Tuesday, March 4

Rangolis on jewelry boxes

During my recent trip to India, I looked around at craft shops in vain for pain wooden boxes that one could paint on. Tough luck. I did find some cute gift boxes made of bamboo possibly, but with no scope of personalizing.

That's a reason I love Dollar Tree and the craft shops out here.

If you are an avid scourer for stocks, you can get desktop wooden boxes that are unpainted for as little as $1.

I love painting rangolis on these boxes, although it is a tedious process. I do not prime the wood with a wood primer before getting started, but I do sand-paper it thoroughly before starting the paint work.

For more instructions about painting wood boxes, you can also refer to my ancient post: Rangoli on a jewel box

A tip or two with those instructions though - things I learnt during the numerous painting sessions.

For the initial lot of boxes, I stuck to glossing them with Mod Podge. But switched to Martha Stewart Crafts High Gloss Finish. I am happier with the results although I don't think it is the perfect one.

  • When you sandpaper the inside of the boxes, make sure you scrape more from the surface near the box hinges 
  • Do not give extra coats on the surface connecting the lid and base. Doing so could make the paint stick and peel
  • Always paint the narrow frame top that connects lid and base in the end, and leave it to dry more than you would possibly dry the rest of painted sides
  • For intricate designs like the rangolis, using a zero size paintbrush helps- stock more than one Size Zero paint brush though
  • Stick to simple designs for a start and move on to more intricate designs as you progress with a few boxes
  • If you wish to spray paint them, try as much as possible, to use the paint outdoors 
  • Spray paint may not need more coats the way hand painting would need, but you need to use masking tape extensively for the hinges and latches
  • Cut large plastic covers to rectangles and place over newspapers when you spray paint 
  • Paint about three boxes simultaneously. It helps save time, because by the time the painted surface of your first box dries up, you are done with the third box
    • When you use a brush to gloss the painted boxes, make sure you use single strokes and do not rub the glossy finish 
    • Keep a container of water handy so you can drop the gloss brushes in it quickly
    • Make sure you wash the brushes with soapy water after each session of painting
    • My personal experience with olive green or camp green craft paint over orange surface has not been great
    • Whites over dark surfaces work great for me, but if you have any tidbits you can share, please tell
    The yellow box I have painted above is my favourite. These were the colours used on the doorstep of my Ammumma's home in Chennai. The tikka you see on its side, is called Kalyana Bottu in Telugu. It is the design used as bindi on the foreheads of brides and grooms in Telugu marriages.

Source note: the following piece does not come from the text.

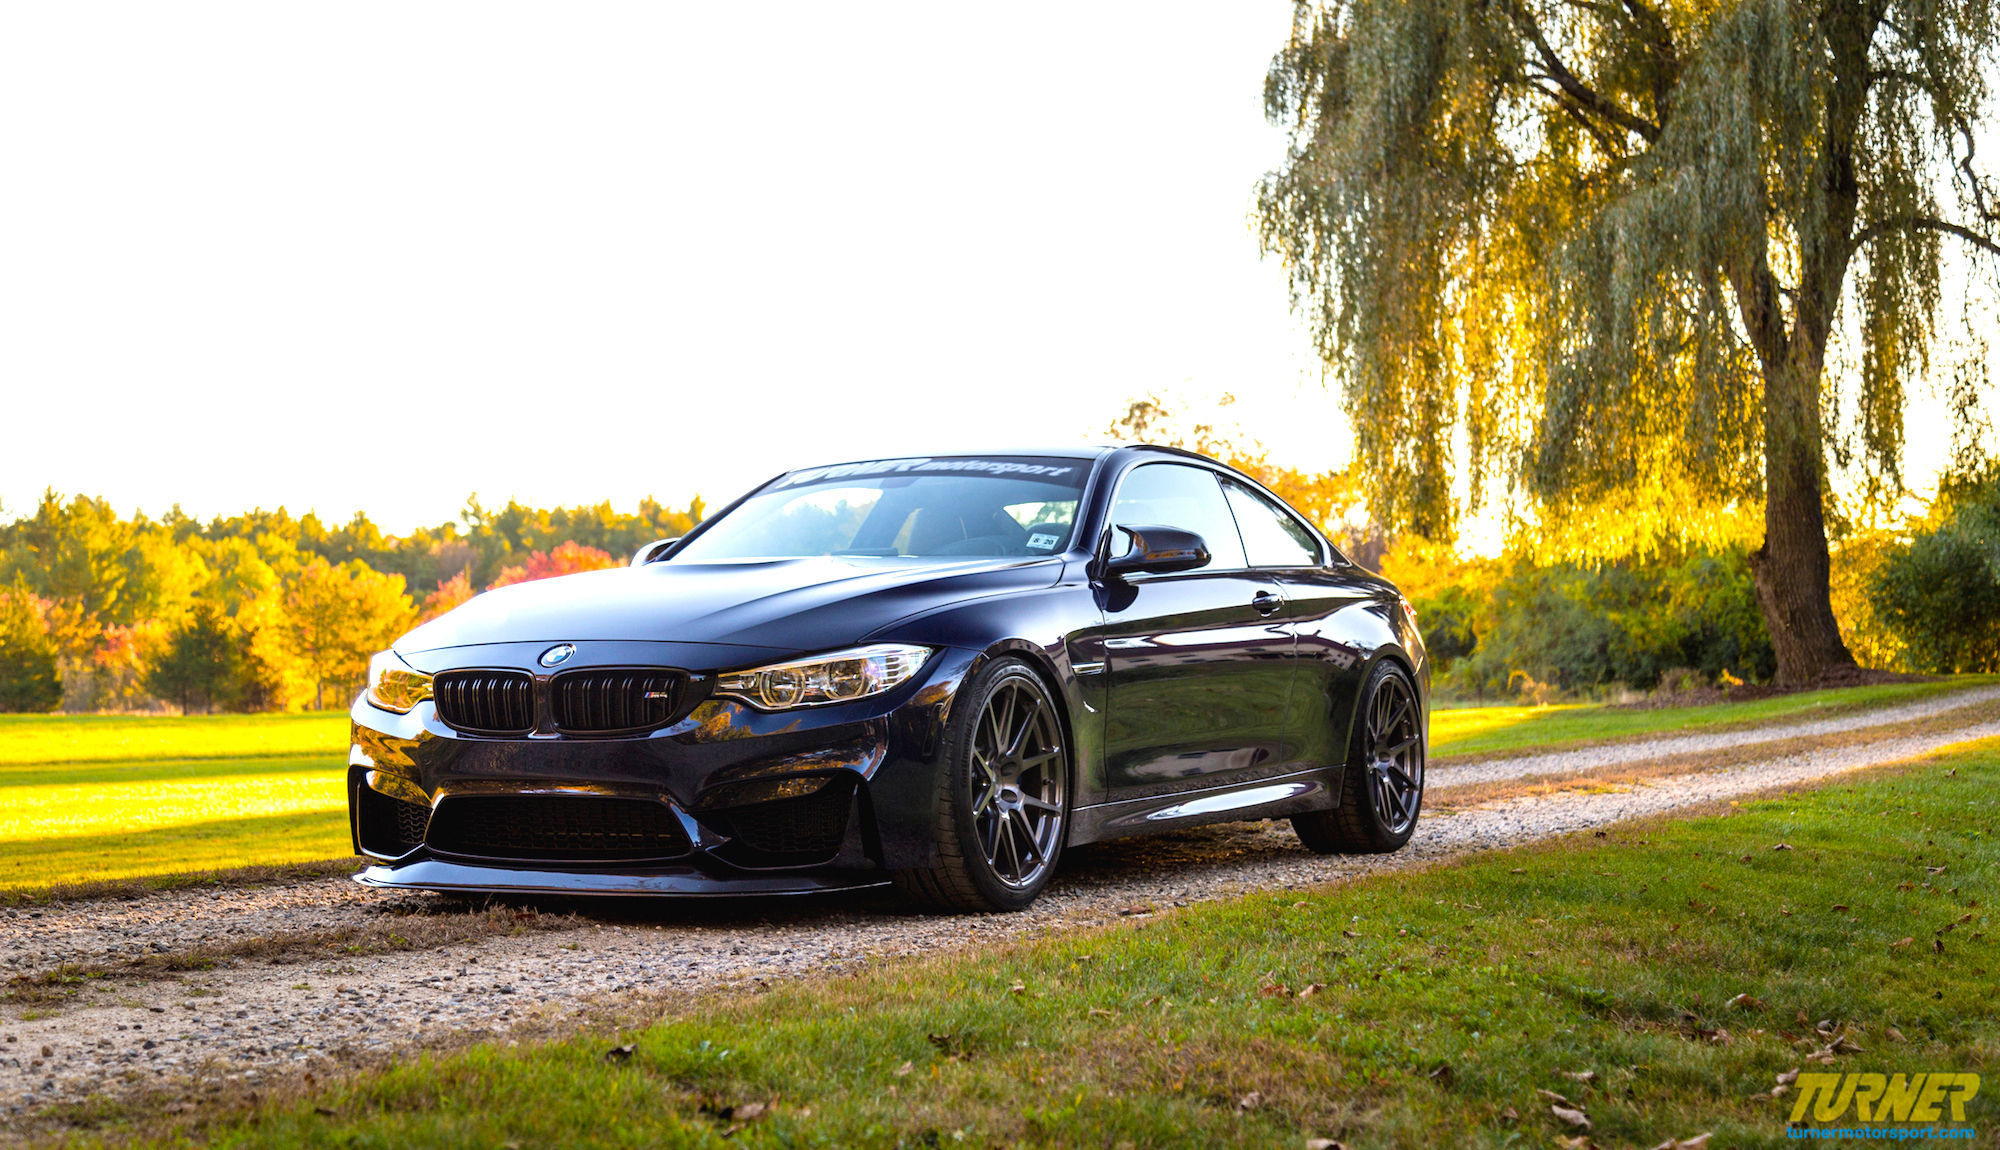 2016 BMW M4   Turner Motorsport F82 BMW M4 on Forgeline GA1R Wheels

 Rangoli patterns can be used on plain cardboard cartons too. Give the experiment a shot and let me know how it goes. After a lot of dilemma, I learnt to use gold coloured paint over a painted surface. I was not so satisfied with the first attempt, but my friend who I gifted the box to, was thrilled. This one is a bright red-gold combo, but I tried a gold over maroon surface and gifted the box to my mom during my India trip. The result was good.

My friend Ashwini Deshpande, of the popular Indulge Ashscorner food blog shared a picture of one of my boxes.

These boxes are a sample of what I regularly paint. I did a bunch of them more, to gift away in India. The most unexpected reaction was from my friend's kids.

You would assume that such boxes would be a hit with women, those who are religious and otherwise, to store their jewellery and tiny treasures. I stashed one such painted box for my friend's mom and some kid stuff, all in one tote, when I went to meet them during the India trip. The kids - a six year old and a two-year old, saw the box first, and decided it was the best toy in the world for them.

For the next couple of hours, they took turns in playing with it, smiling at it, opening and closing it a hundred times, watching its corners and carrying all over their home! My protests that the box was meant for their grandma hardly mattered. And we presume that kids take a fancy only to bright coloured plastics!